OTTAWA, ONTARIO--(Marketwire - Oct. 19, 2012) - Following the government's tabling of its proposed changes to the pensions of federal public servants and Members of Parliament, the Professional Institute of the Public Service of Canada (PIPSC) questions the rationale behind the changes and the appropriateness of some of the related measures contained in Bill C-45, the enabling legislation currently before Parliament.
"Minister Clement is just plain wrong when he suggests that, in the past, public service employees have not paid their fair share when it comes to their retirement. In fact, they already contribute more to their pension plans than most Canadian workers. And the federal government did not hesitate to help itself to some $30B from their retirement fund a few years ago to help pay down the deficit" said PIPSC President Gary Corbett.
"Our main concern isn't over adjusting the contribution ratio to 50/50, it's about the direction that the government wants to impose on the public service, which is already having trouble attracting the best candidates. Creating two classes of federal employees and pushing back the retirement age for public servants certainly won't do anything to entice people join its ranks".

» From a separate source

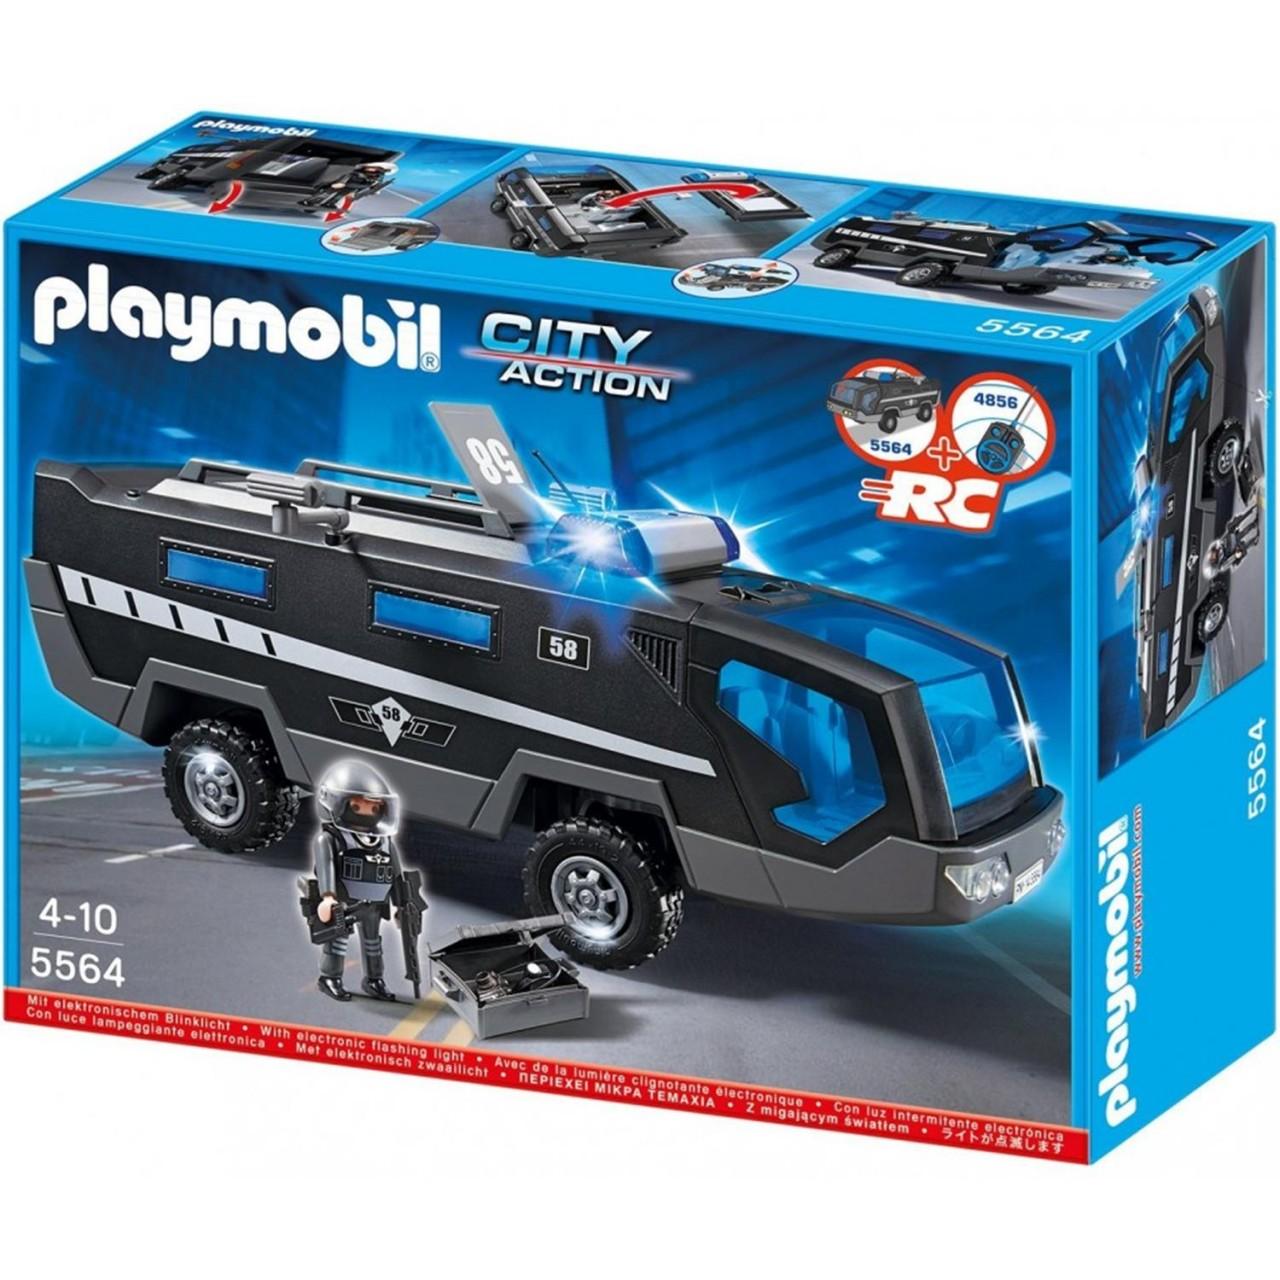 Playmobil 5564 City Action Einsatztruck SEK mit Licht und Sound Neu & OVP

"This legislation confirms our belief that the government has been listening to the business community and to right-leaning think-tanks instead of looking to represent the best interests of all Canadians. Cutting back on services and making a career in public service less attractive is the exact opposite of what should be done to ensure that the safety and well-being of Canadians is not compromised in the future" concluded Corbett.
The Institute is currently studying the full text of the draft legislation and will be in a position to comment further once it has completed its review.
The Professional Institute of the Public Service of Canada represents some 60,000 professionals and scientists across Canada's public sector.